A buffer is most effective when the concentrations of the weak acid and conjugate base are equal because, at this point, the pH of the buffer is equal to the pK_{a} of the weak acid. This is derived from the Henderson-Hasselbalch equation:
$\mathrm{pH}=\mathrm{pK}{a}_{}+log\left(\frac{\mathrm{[conjugate\; base]}}{\mathrm{[weak\; acid]}}\right)$
When [conjugate base] = [weak acid], the log term becomes log(1), which is 0. Thus, pH = pK_{a}. At this point, the buffer has the maximum capacity to neutralize added acids or bases, making it most effective in resisting pH changes.
Can the Henderson-Hasselbalch equation be used with moles instead of molarity?
Yes, the Henderson-Hasselbalch equation can be used with moles instead of molarity.
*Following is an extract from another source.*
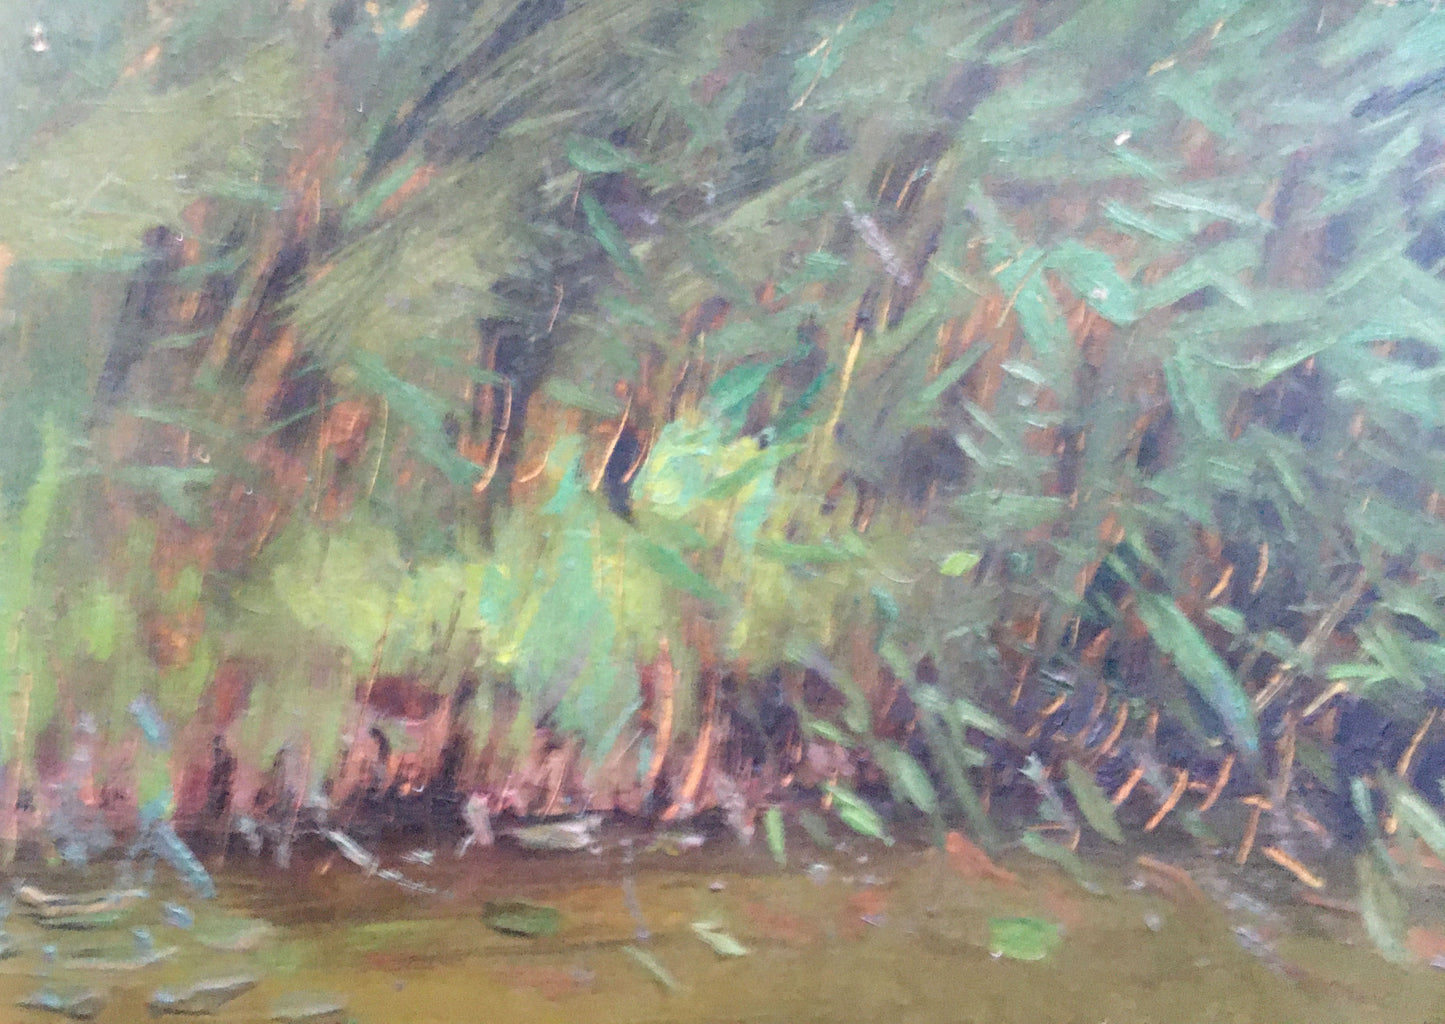 Ivan Kirillovich Tsyupka's oil artwork portrays the mysterious allure of a swamp

The equation:
$\mathrm{pH}=\mathrm{pK}{a}_{}+log\left(\frac{\mathrm{[conjugate\; base]}}{\mathrm{[weak\; acid]}}\right)$
or
$\mathrm{pH}=\mathrm{pK}{b}_{}+log\left(\frac{\mathrm{[conjugate\; acid]}}{\mathrm{[weak\; base]}}\right)$
can be applied using the concentrations in moles, as long as the volumes of the solutions are the same. This is because the ratio of moles will be the same as the ratio of molarities, simplifying the calculation process.